As consistently brilliant as it is, The Harrow & the Harvest may still not assuage the doubters who find Welch and Rawlings’s music to be a contrivance: roots music minus the “real” country roots. But, for most, questions of “authenticity” will soon pale when listening to this superb album, a record that, once again, demonstrates Welch and Rawlings’s love and respect for the musical traditions they’ve immersed themselves in. In an era of empty excess, in which an artist's light show can merit more comment than their music, the unadorned, austere approach of Welch and Rawlings’s work feels both bracing and brave.

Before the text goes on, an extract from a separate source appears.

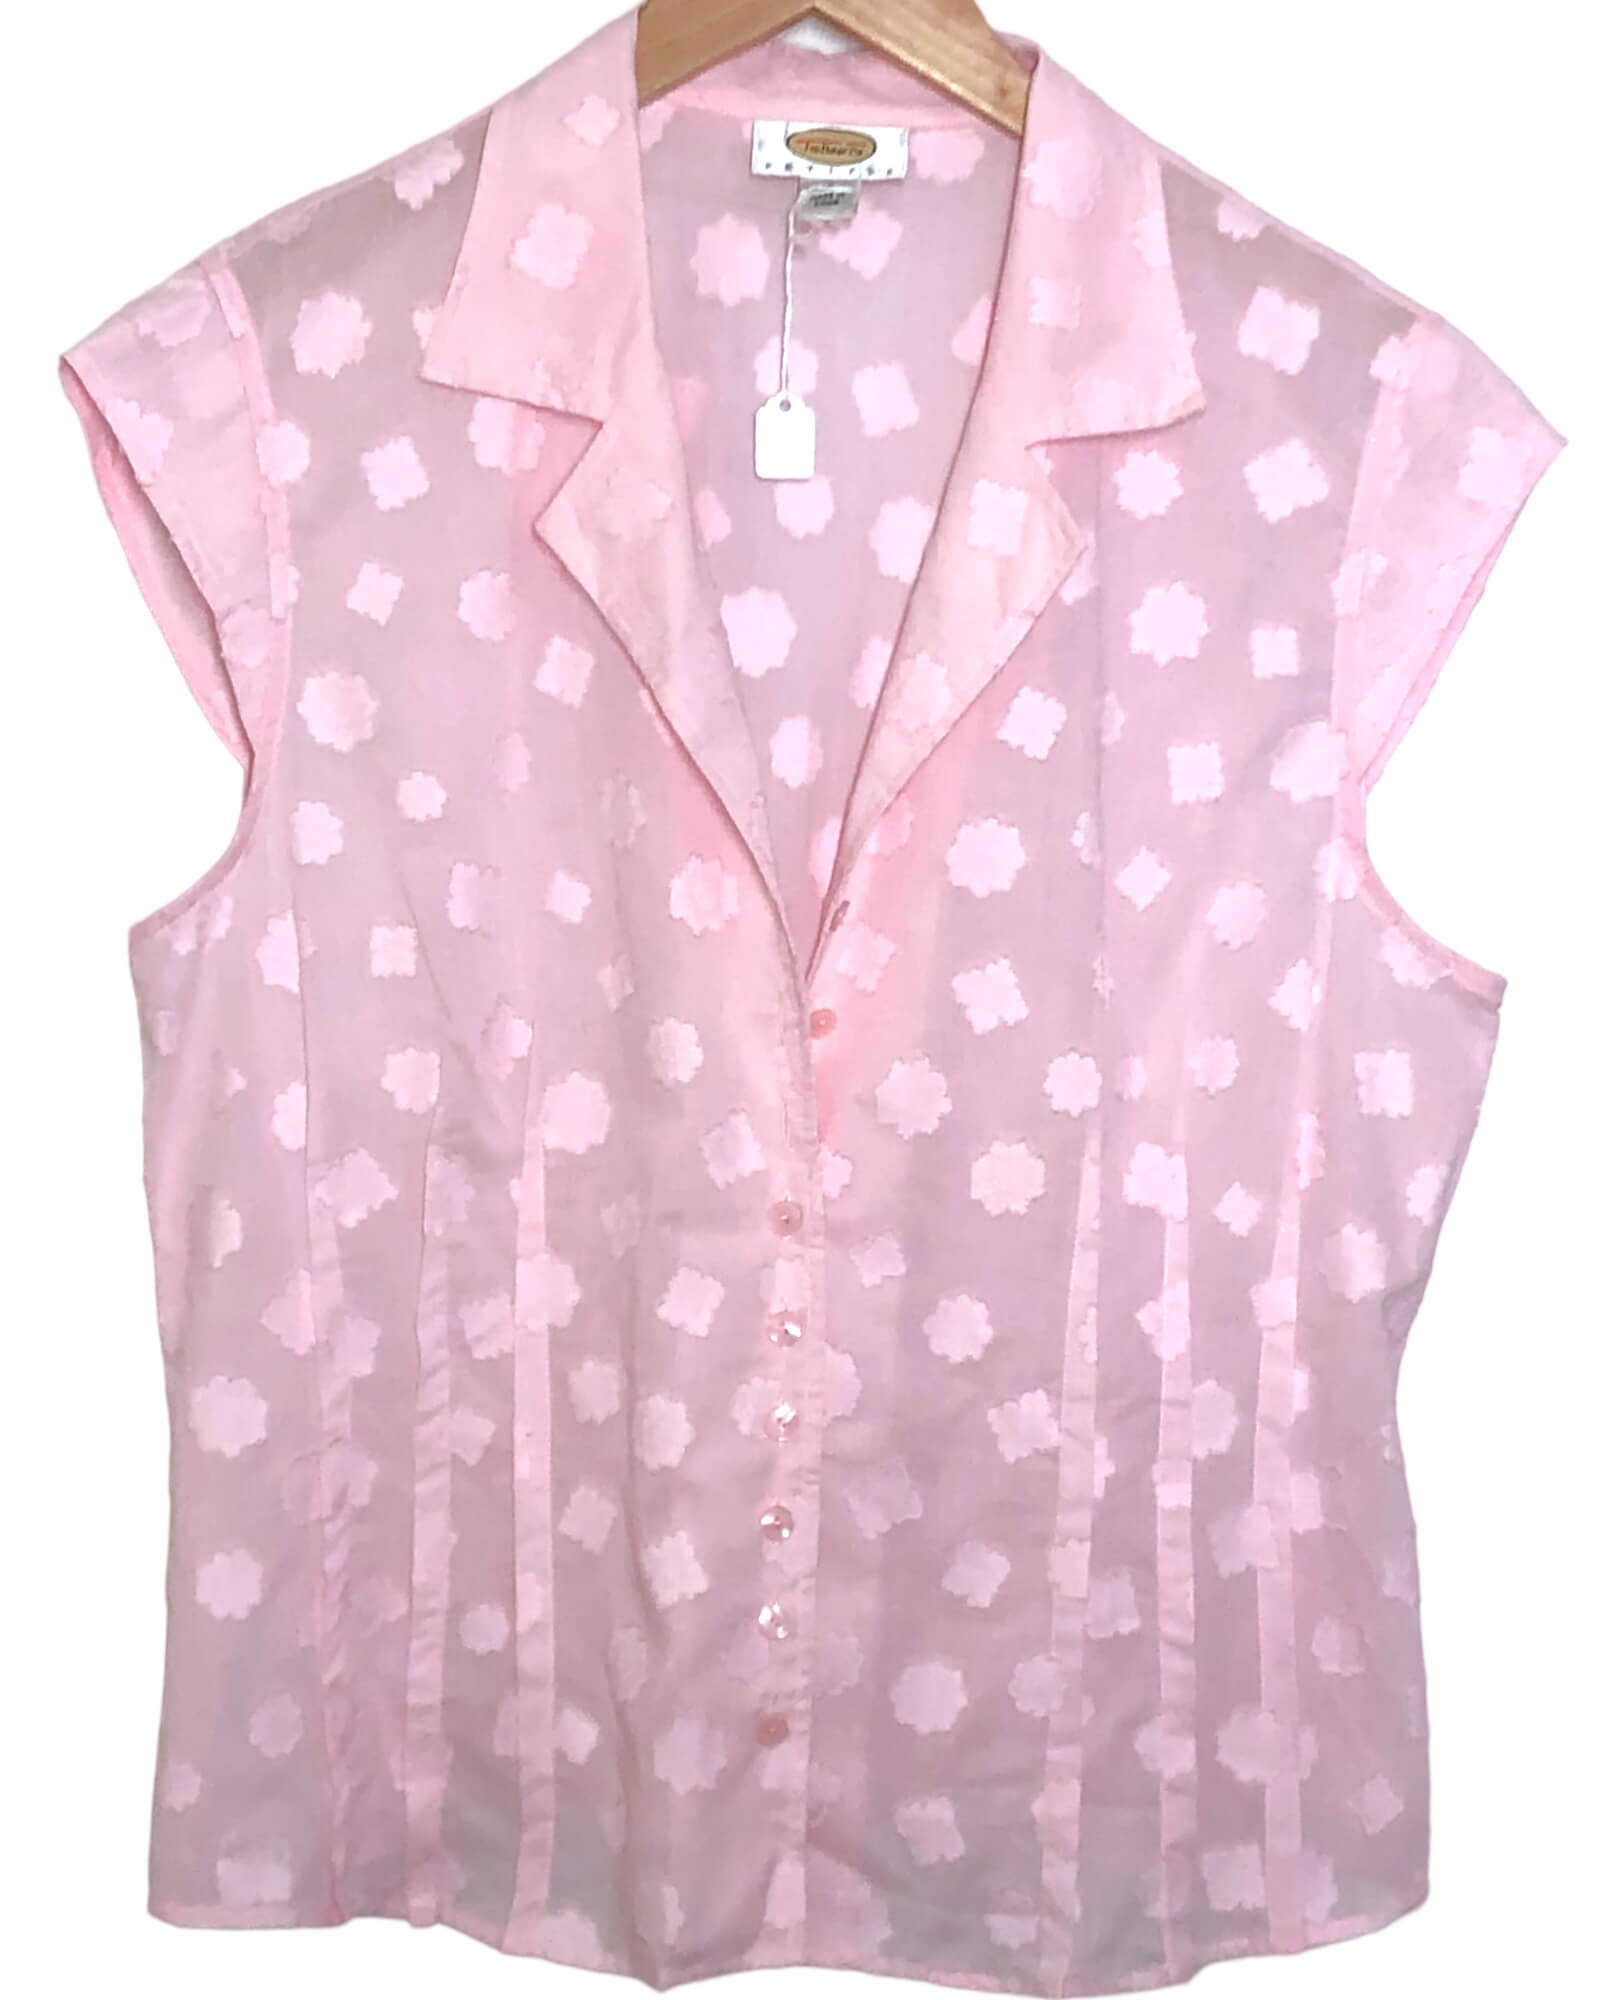 Cool Summer TALBOTS pink semi sheer floral shirt
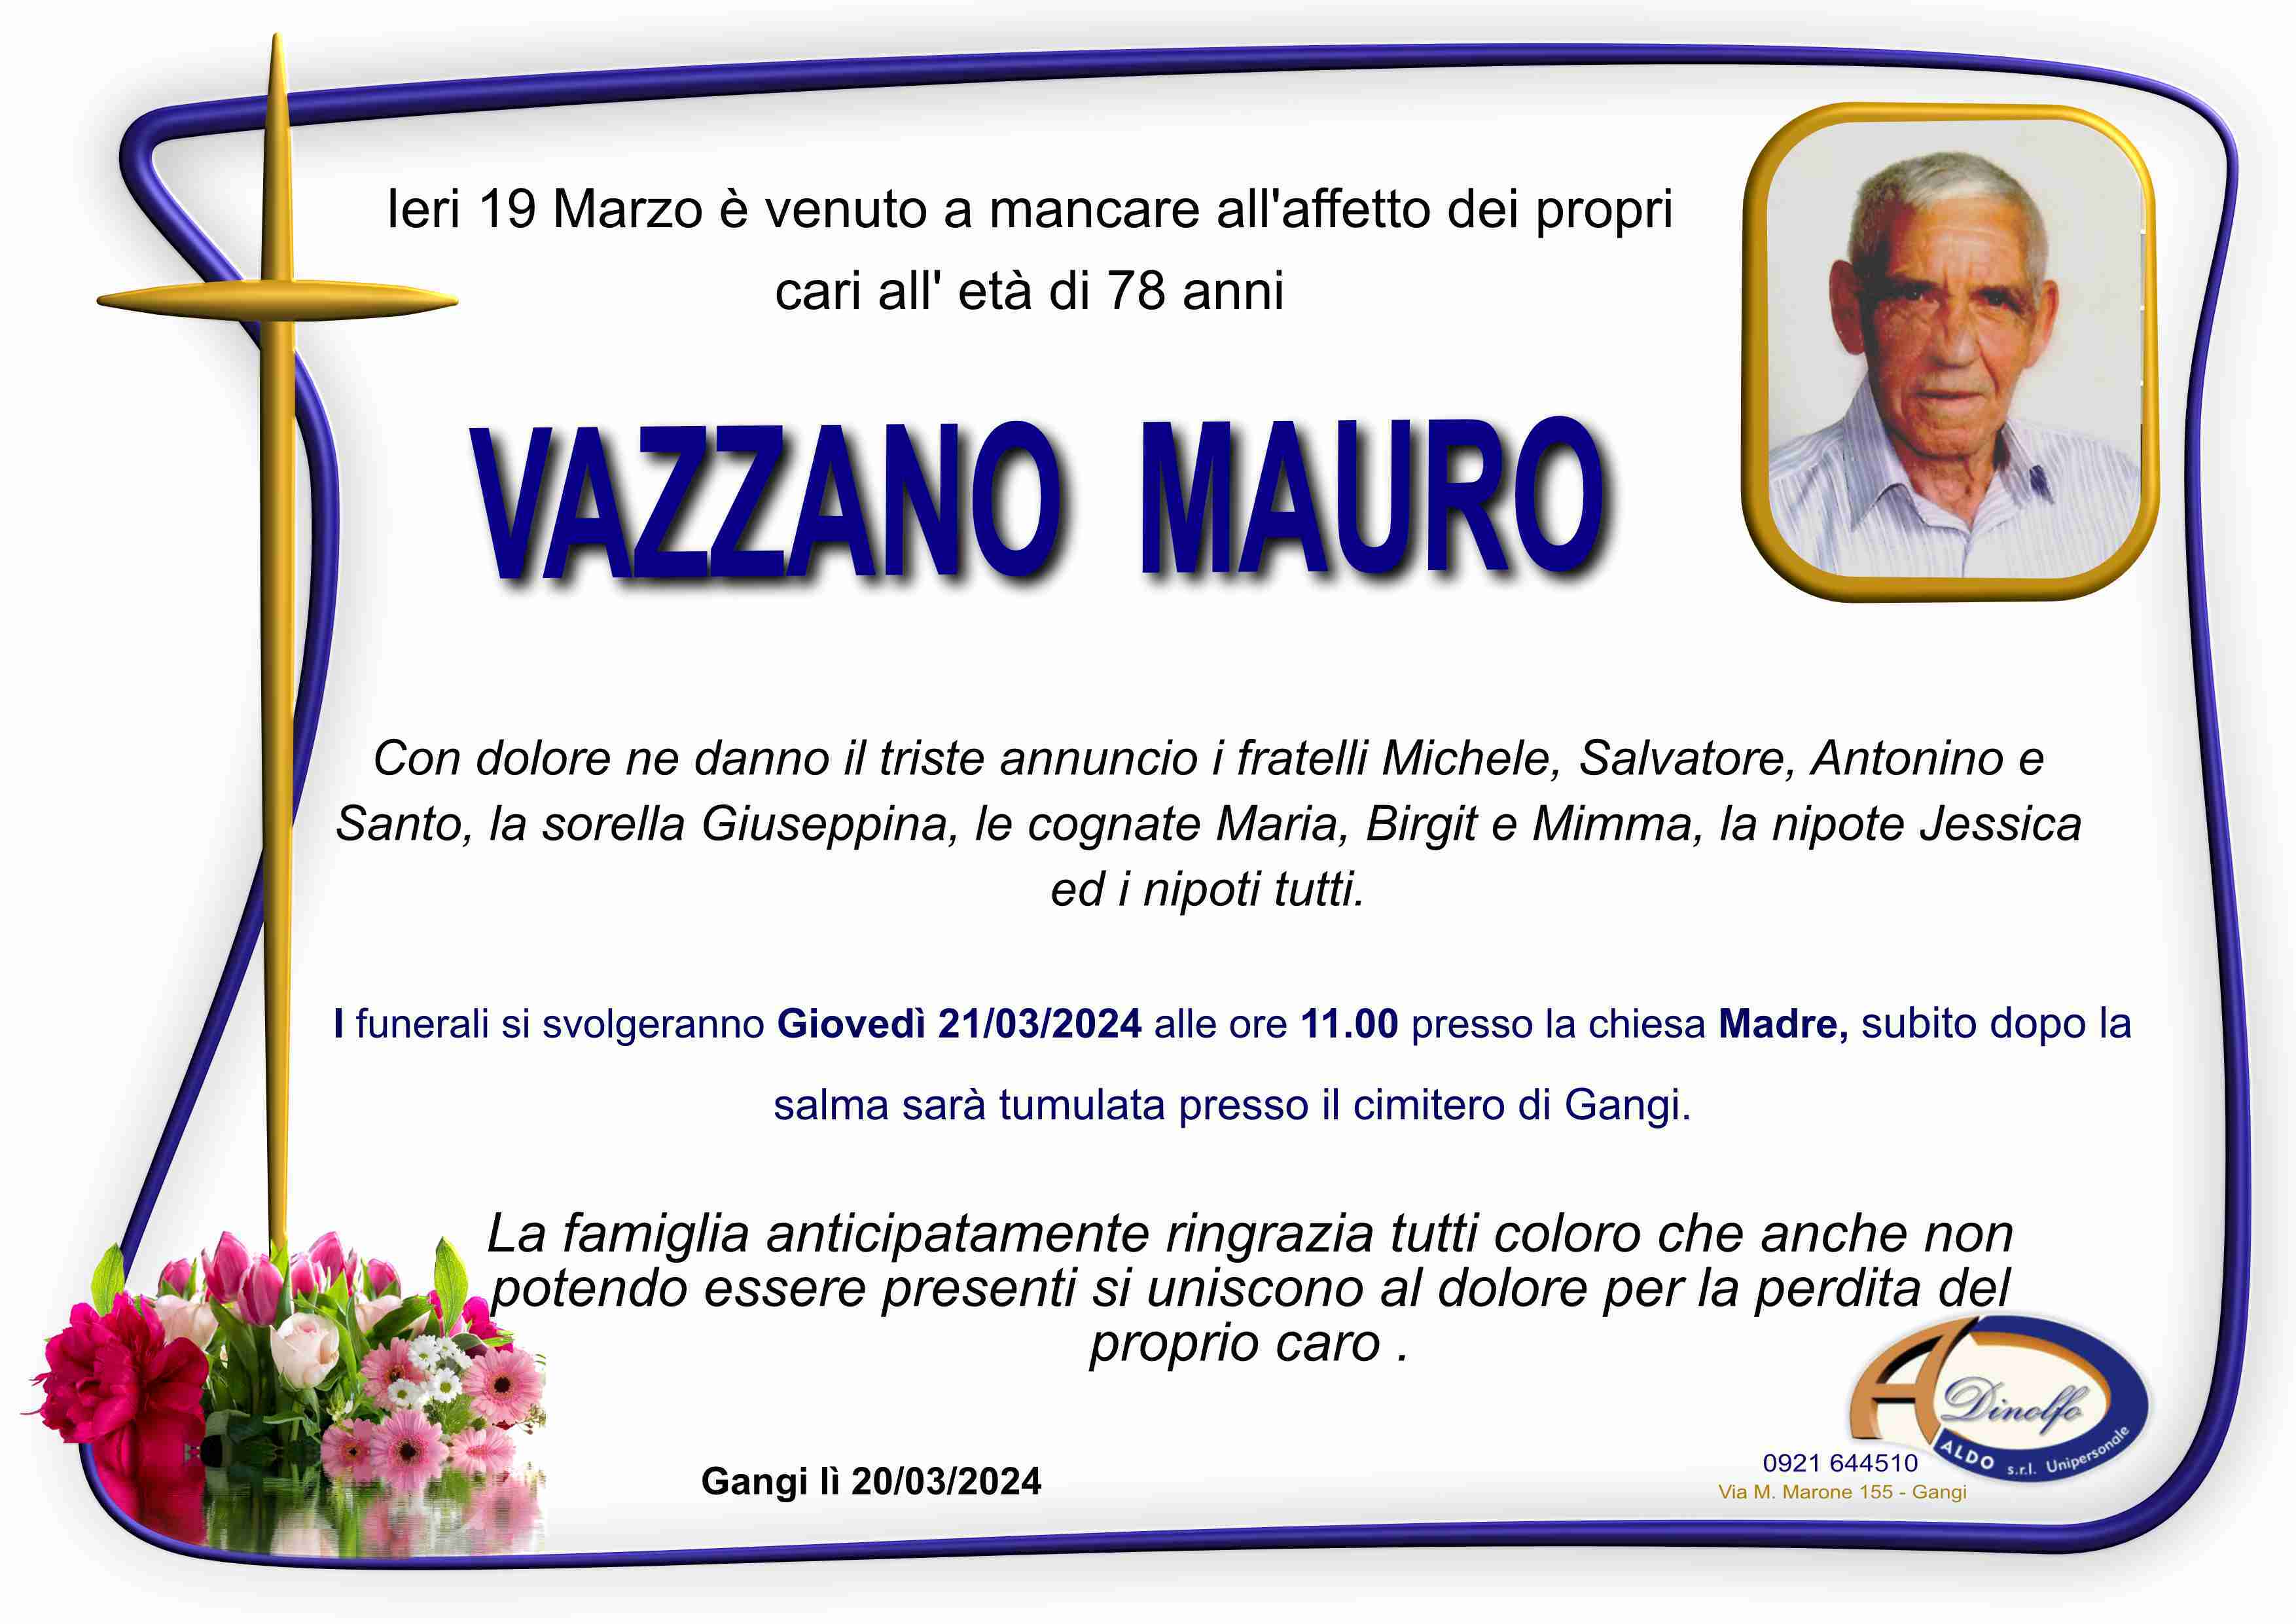 Mauro Vazzano

And this deceptively modest yet entirely magnificent new album builds on their past achievements while taking their music forward with impeccable subtlety and grace. Essential.
Reviewed for Wears the Trousers.
Reviewed for Wears the Trousers.
A new band to discover for me.As you know, I like folk music, and loved Hadestown.
ReplyDeleteI think I'll give this album a try(and maybe also Time The Revelator from 2001)
Although folk usually is very hit and miss with me. Wasn't bowled over with the live video above(too repetitive for my liking). Will give the other tracks a listen, as you call the album consistently brilliant! from Chris
Let me know how you liked it. The “plainness” of their music can seem a bit forbidding at first, and I took a while to warm up to it myself. (Unlike, say, Iris DeMent or Emmylou Harris, which was love at first hearing for me.) But it’s definitely worth preserving with. Do check out SOUL JOURNEY as well, the most “varied” of their albums and perhaps the one you’d like the most.